Hammer also indicated that she, personally, had "a significant influence in the preparation of the questions and the questionnaire."
“This is just an attempt to suss which candidate's as extreme" as the NRA's agenda is, Shannon Watts, the founder of Moms Demand Action for Gun Sense in America, told Salon. “The NRA clearly has a litmus test very much in keeping with its agenda, which is to make absolutely no attempts to pass stronger guns laws and, in fact, to make sure that lawmakers who are beholden to them align with their agenda of guns for anyone, anywhere, anytime, no questions asked.”
While the main purpose of this mailer appears to be to intimidate Republican politicians who have signed onto even modest gun reforms, Democratic candidates quickly repurposed it for themselves — to show how eager they are to tell the NRA off. State legislature candidate Anna Eskamani kicked off the trend by posting photos of the questionnaire on Twitter and writing, "Hard pass, and heading to the recycle bin."
Gubernatorial candidate Gwen Graham soon followed with a video of herself writing, "NO NRA MONEY" on the questionnaire. One of her primary opponents for the Democratic nomination, Philip Levine, posted a video of himself writing NRA-unfriendly answers on a whiteboard. Another state house nominee, Tracy Pratt, also posted a photo of the questionnaire and tweeted, "I will proudly NOT be seeking their support or endorsement! #neveragain."

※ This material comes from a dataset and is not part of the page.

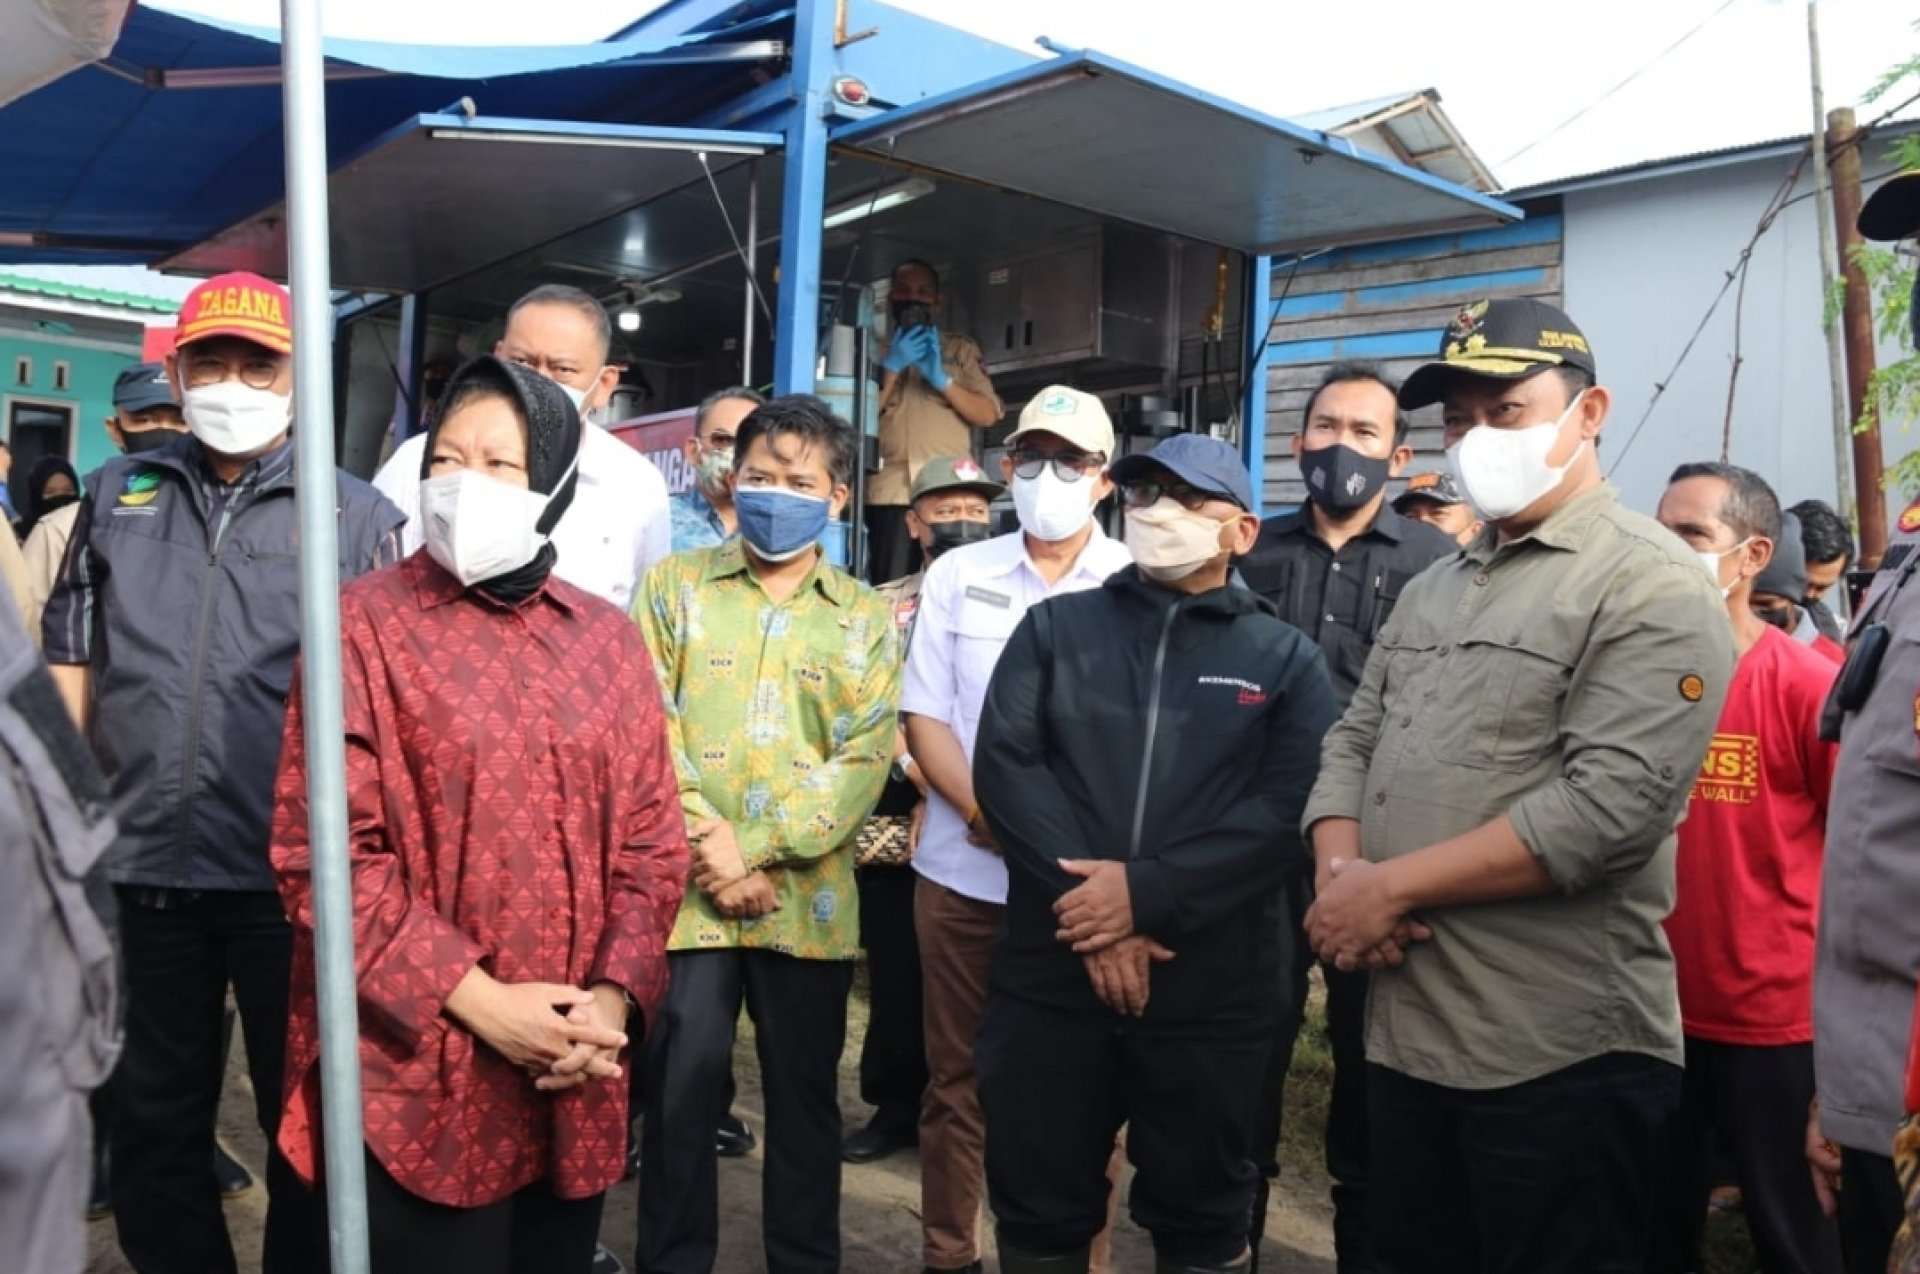 Kunjungan ke Kalteng, Mensos Tri Rismaharini Didampingi Wagub Edy Pratowo Tinjau Lokasi Banjir dan Salurkan Bantuan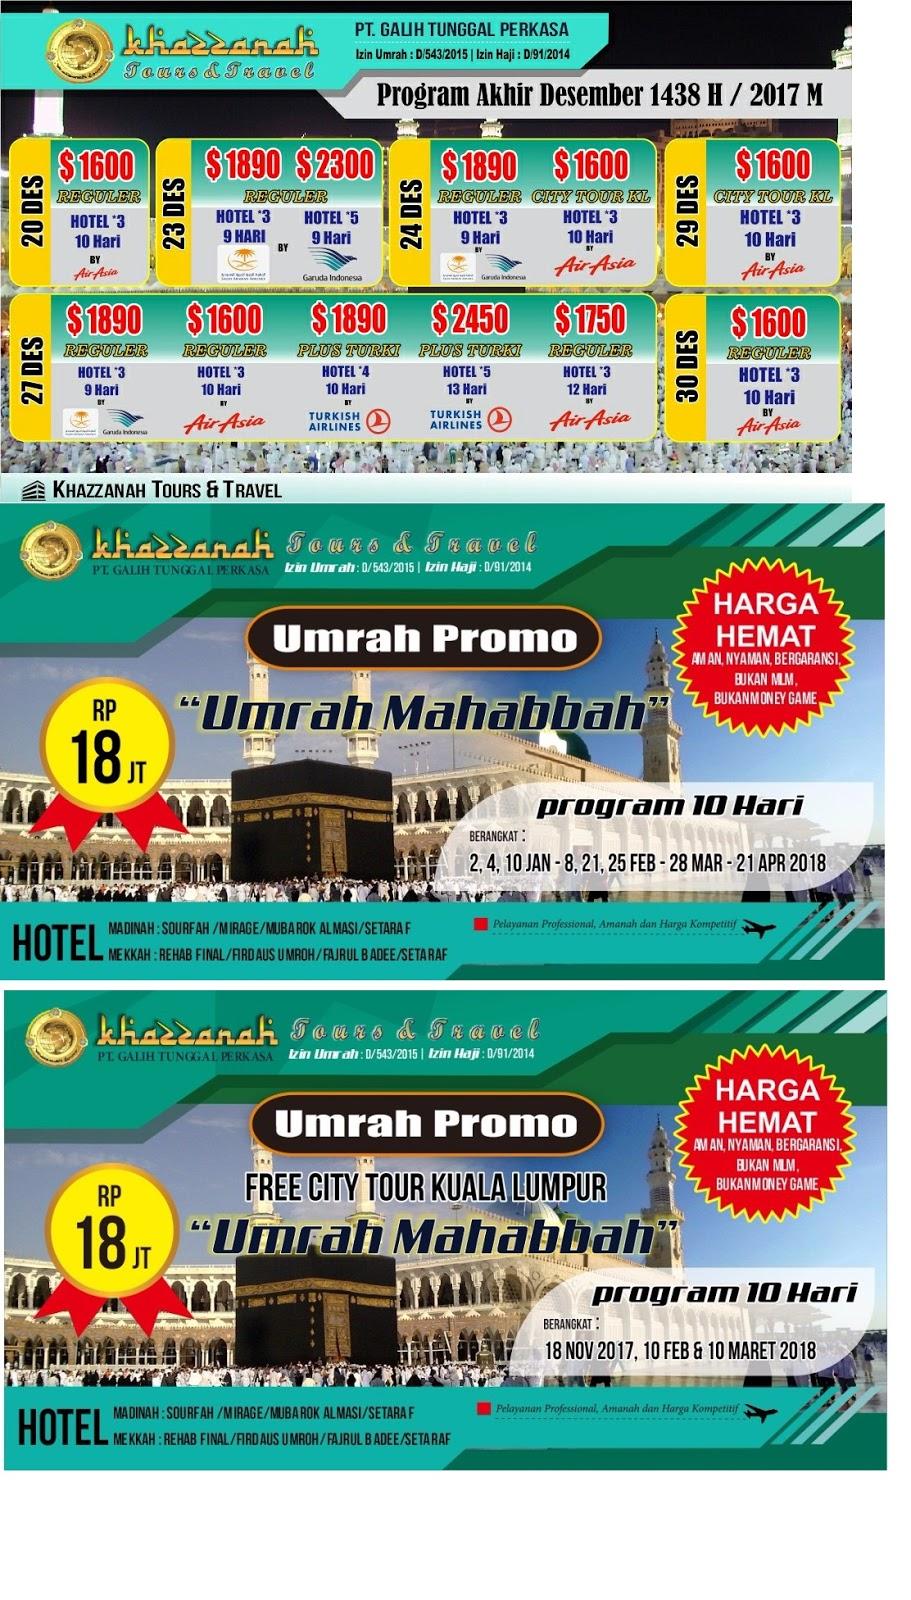 Paket Hajj Plus 2018 Khazzanah Tour

"Since the Parkland shooting, everyone who is opposed to the NRA agenda feels comfortable coming out against it, and I think that shows that it’s not a third-rail issue anymore," Watts said. "Lawmakers are looking at the polls and they know they can get elected by opposing the NRA, not by being silenced or even pretending to tolerate their extremist agenda.”
The issue of NRA influence over politics only grew more pronounced over the weekend, after the Tampa Bay Times published an exposé about the way state agriculture commissioner Adam Putnam, a Republican candidate for governor, handled the concealed-carry background check system that his office controls.
For more than a year, the office simply "stopped using the results from an FBI crime database" to run background checks, the paper reported, because the "employee in charge of the background checks could not log into the system." In other words, "applications got approved without the required background check."
A story about incompetence, however, quickly became politicized. Putnam has bragged about being an "#NRASellout" on Twitter and has bragged about how he sped up concealed-carry permit approvals in his time as commissioner. Putnam has decried the employee who spent a year not running proper background checks, but it's still a bad look for someone to tout his speed in issuing licenses, in light of the fact that they weren't being processed correctly at all.
Over the weekend, the four Democrats running for governor issued statements denouncing Putnam and suggesting that this failure shows he is unqualified to be governor.
Because of the NRA and Hammer's leadership over the decades, Florida has become one of the easiest states for people to buy and wield firearms. Unsurprisingly, it ranks 18th among states in violent crime, and research links the loosening of gun laws in the state, especially the "stand your ground" law that broadly defines legal self-defense, to an escalation of murder.
But now the tide may be starting to turn in Florida against the NRA. Democrats are campaigning hard against lax gun laws, Republicans are getting wobbly in some cases and there's a level of passion among gun-control advocates that previously only existed on the pro-gun side. Under the circumstances, this NRA questionnaire seems like a panic reaction, an effort to double down from a group whose previously unquestioned power is starting to crumble.